In a text-to-speech synthesis framework all relevant properties of the voice source can be described in terms of the glottal volume flow signal, and its time derivative. Those glottal flow signals can be approximated, starting from the acoustic speech signal, via inverse filtering. Model parameters can then be estimated by fitting the model waveform to the inverse filtered waveforms. Inverse filtering and model fitting could in principle be done interactively. However, interactive measurements would take an inordinate amount of time, because rule development requires one to process large quantities of speech. Moreover, interactive measurements are difficult to reproduce. For these reasons a procedure was developed to derive the voice source parameters automatically. That procedure is explained in Section 2.

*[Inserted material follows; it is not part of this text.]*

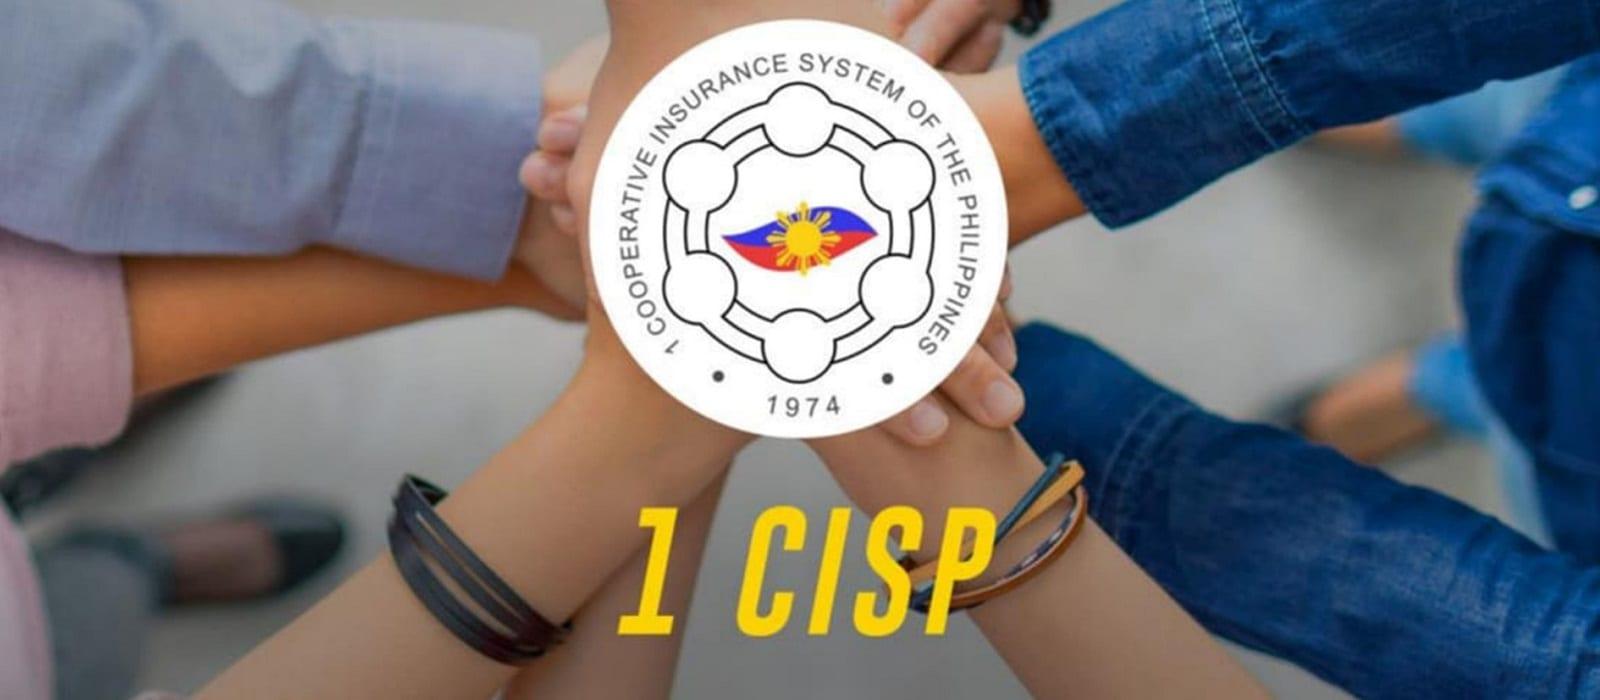 1cisp-covid

Up to now, most research on voice source characteristics has dealt with sustained vowels, produced in different ways. For sustained vowels, recorded with a high SNR, automatic extraction of the voice parameters is fairly easy. But it is difficult to extrapolate from data acquired from isolated speech sounds to rules for connected speech. Therefore, our aim is to study the behaviour of the voice source in connected, preferably spontaneous speech. And in addition to steady state portions of vowels we also want to extract source parameters for voiced consonants, as well as for voiced/unvoiced (V/UV) and UV/V transitions. The results of our work are presented in section 3.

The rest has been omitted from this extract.